Benchmarking Enum.map(10)...
Benchmarking Integer addition...
Benchmarking Integer addition (wrong)...
Benchmarking String concatention (wrong)...
Benchmarking adding a head to an array (wrong)...
Benchmarking noop...
Name ips average deviation median 99th %
String concatention (wrong) 814.22 M 1.23 ns ±2868.77% 0 ns 21 ns
++ array concat (wrong) 749.67 M 1.33 ns ±2705.83% 0 ns 23 ns
noop 639.06 M 1.56 ns ±2388.12% 0 ns 35 ns
adding a head to an array (wrong) 553.47 M 1.81 ns ±2228.78% 0 ns 29 ns
Integer addition (wrong) 544.93 M 1.84 ns ±2803.80% 0 ns 31 ns
Integer addition 179.88 M 5.56 ns ±737.19% 4 ns 39 ns
Enum.map(10) 2.30 M 435.06 ns ±2872.78% 356 ns 667 ns
Comparison:
String concatention (wrong) 814.22 M
++ array concat (wrong) 749.67 M - 1.09x slower
noop 639.06 M - 1.27x slower
adding a head to an array (wrong) 553.47 M - 1.47x slower
Integer addition (wrong) 544.93 M - 1.49x slower
Integer addition 179.88 M - 4.53x slower
Enum.map(10) 2.30 M - 354.23x slower
Extended statistics:
Name minimum maximum sample size mode
String concatention (wrong) 0 ns 9219 ns 1.54 M 0 ns
++ array concat (wrong) 0 ns 17501 ns 1.54 M 0 ns
noop 0 ns 9220 ns 1.53 M 0 ns
adding a head to an array (wrong) 0 ns 23216 ns 1.54 M 0 ns
Integer addition (wrong) 0 ns 16040 ns 1.52 M 0 ns
Integer addition 0 ns 9818 ns 1.52 M 4 ns
Enum.map(10) 335 ns 7385903 ns 952.30 K 354 ns
Memory usage statistics:
Name Memory usage
String concatention (wrong) 0 B
++ array concat (wrong) 0 B
noop 0 B
adding a head to an array (wrong) 0 B
Integer addition (wrong) 0 B
Integer addition 0 B
Enum.map(10) 424 B
**All measurements for memory usage were the same**
You can see that the averages aren’t 0 ns because sometimes the measured run time is very high - garbage collection and such. That’s also why the standard deviation is huge (big difference from 0 to 23000 or so). However, if you look at the median (basically if you sort all measured values, it’s the value is in the middle) and the mode (the most common value) you see that both of them are 0. Even the accompanying memory measurements are 0. Seems like there isn’t much happening there.
So why is that? The compiler optimizes these “benchmarks” away, because they evaluate to one static value that can be determined at compile time. If you write 1 + 1 - the compiler knows you probably mean 2. Smart compilers. To avoid these, we have to trick the compiler by randomizing the values, so that they’re not clear at compile time (see the “right” integer addition).

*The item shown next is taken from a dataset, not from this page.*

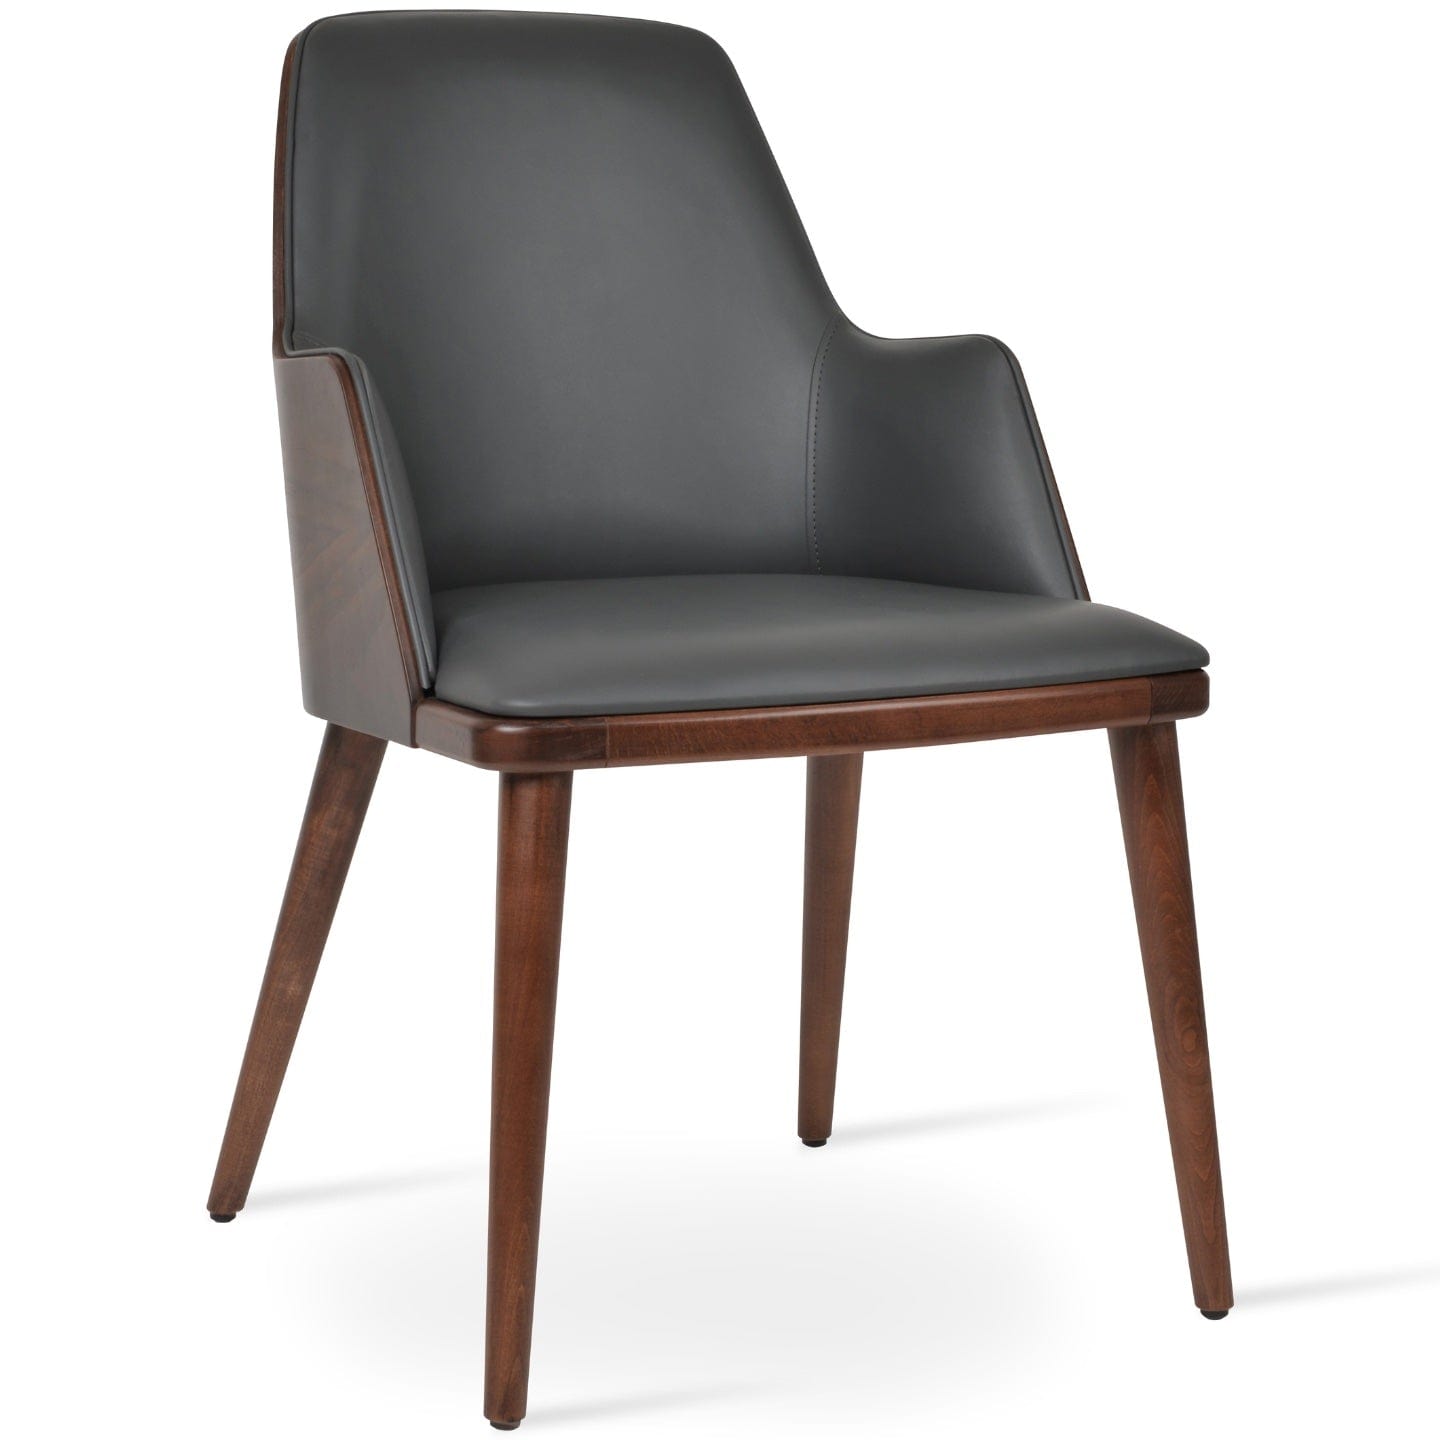 sohoConcept Kitchen & Dining Room Chairs RomanoW Wood Dining ArmChair | RomanoW Wood Modern Dining Chairs in Canada Grey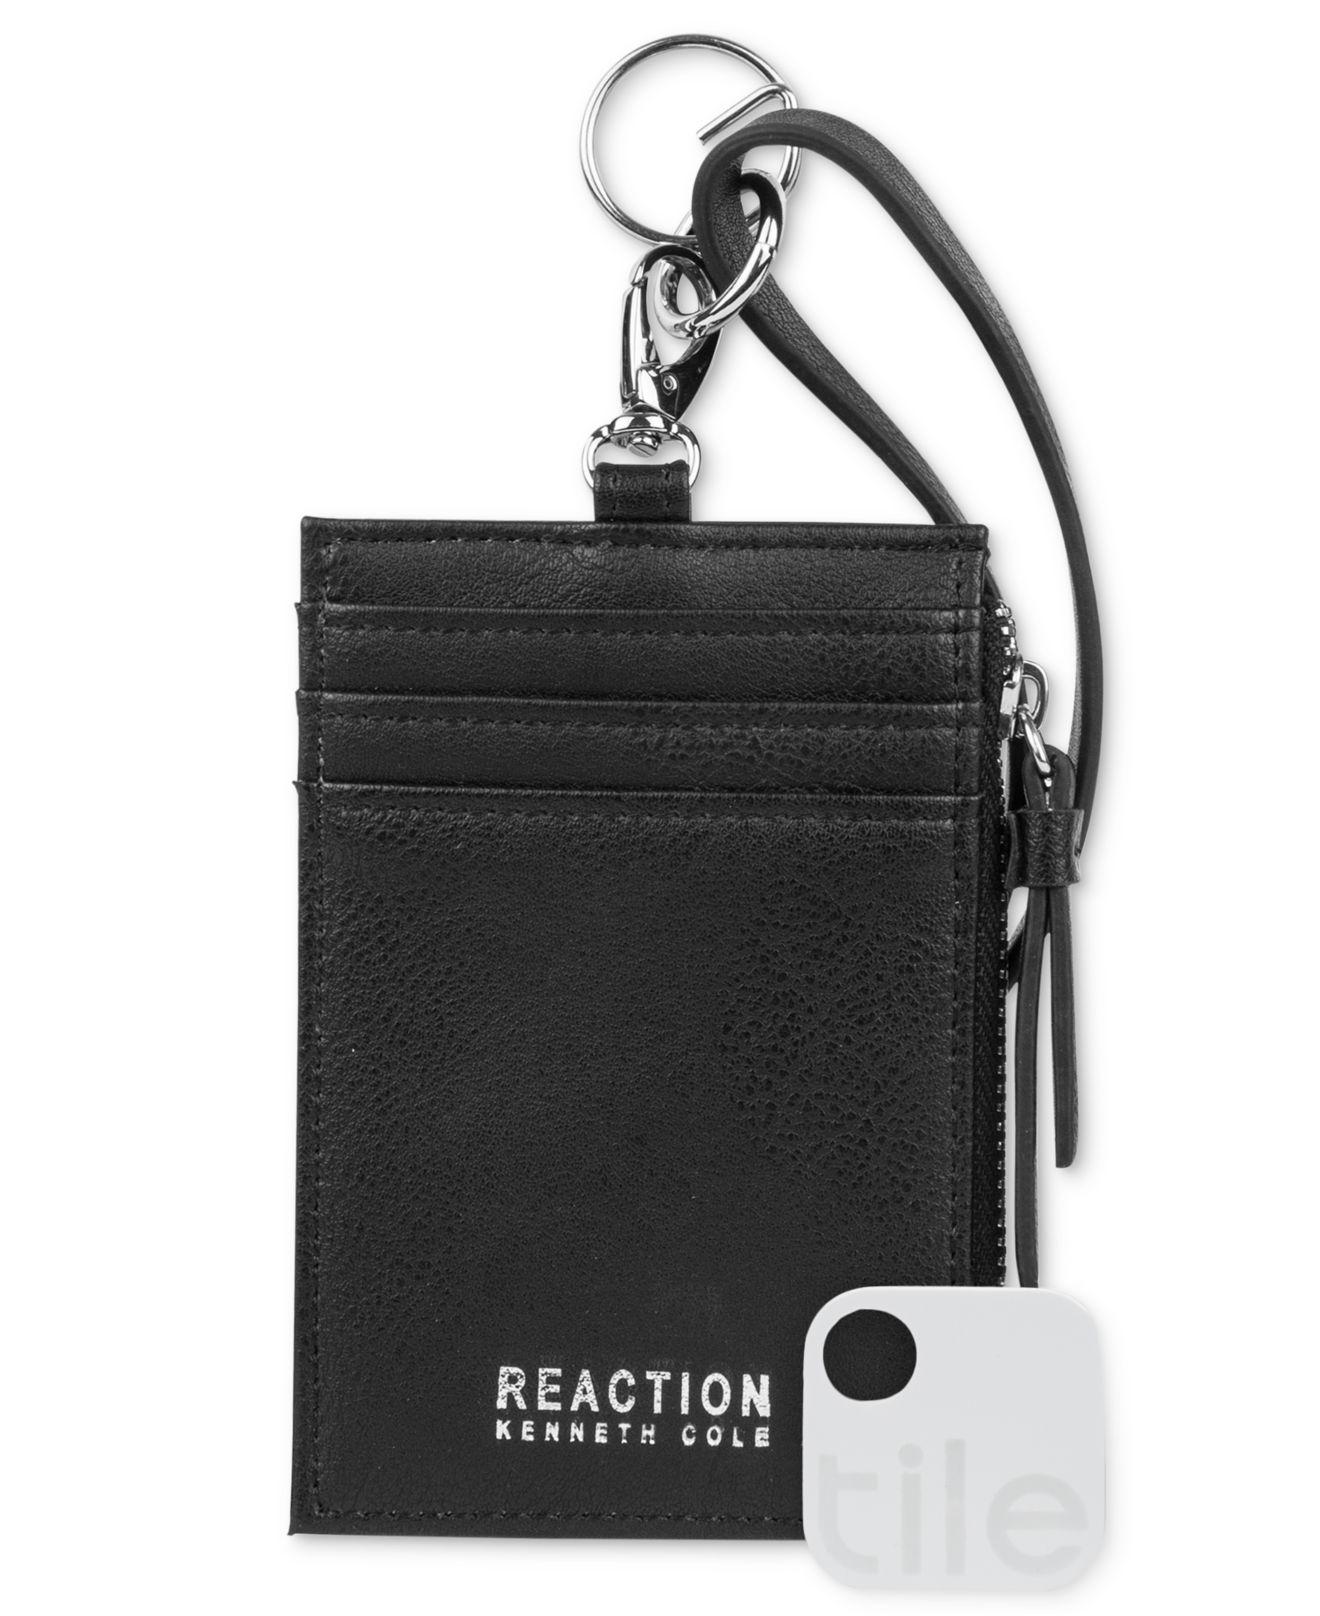 Lyst - Kenneth Cole Reaction Lanyard Wallet With Tracker in Black for Men

That’s the one thing we see thanks to our more accurate measurements, the other is that we can now measure how long a map over a range with 10 elements takes (which is around 355 ns for me (I trust the mode and median more her than the average).
How did we accomplish this? Well it all started looking into why measurements on Windows seemed to be weird. We noticed that the implementation of :timer.tc/1 had hard coded the values to be measured in micro seconds:
Source: https://gist.github.com/PragTob/ac87f3ef02b144aa7240452566dbed09
File: timer.erl
tc(F) ->
T1 = erlang:monotonic_time(),
Val = F(),
T2 = erlang:monotonic_time(),
Time = erlang:convert_time_unit(T2 - T1, native, microsecond),
{Time, Val}.
But, in fact nanoseconds are supported! So we now have our own simple time measuring code. This is operating system dependent though, as the BEAM knows about native time units. To the best of our knowledge nanosecond precision is available on Linux and MacOS - not on Windows.
It wasn’t just enough to switch to nano second precision though. See, once you get down to nanoseconds the overhead of simply invoking an anonymous function (which benchee needs to do a lot) becomes noticeable. On my system this overhead is 78 nanoseconds. To compensate, benchee now measures the function call overhead and deducts it from the measured times. That’s how we can achieve measurements of 0ns above - all the code does is return a constant as the compiler optimized it away as the value can be determined at compile time.
A nice side effect is that the overhead heavy function repetition is practically not used anymore on Linux and macOS as no function is faster than nanoseconds. Hence, no more imprecise measurements due to function repetition to make it measurable at all (on Windows we still repeat the function call for instance 100 times and then divide the measured time by this).
Formatter Configuration
This is best shown with an example, up until now if you wanted to pass options to any of the formatters you had to do it like this:
Source: https://gist.github.com/PragTob/89b4eee2dd8b87f47c9f21234a29c1c4
File: benchee.exs
Benchee.run(
%{
"function" => fn -> something end
},
formatters: [
Benchee.Formatters.HTML,
Benchee.Formatters.Console
],
formatter_options: [
html: [file: "output/my.html", auto_open: false, inline_assets: true]
]
)
This always felt awkward to me, but it really hit hard when I watched a benchee video tutorial. There the presenter said “…here we configure the formatter to be used and then down here we configure where it should be saved to…” - why would that be in 2 different places? They could be far apart in the code. There is no immediate visible connection between Benchee.Formatters.HTML and the html: down in the formatter_options:. Makes no sense.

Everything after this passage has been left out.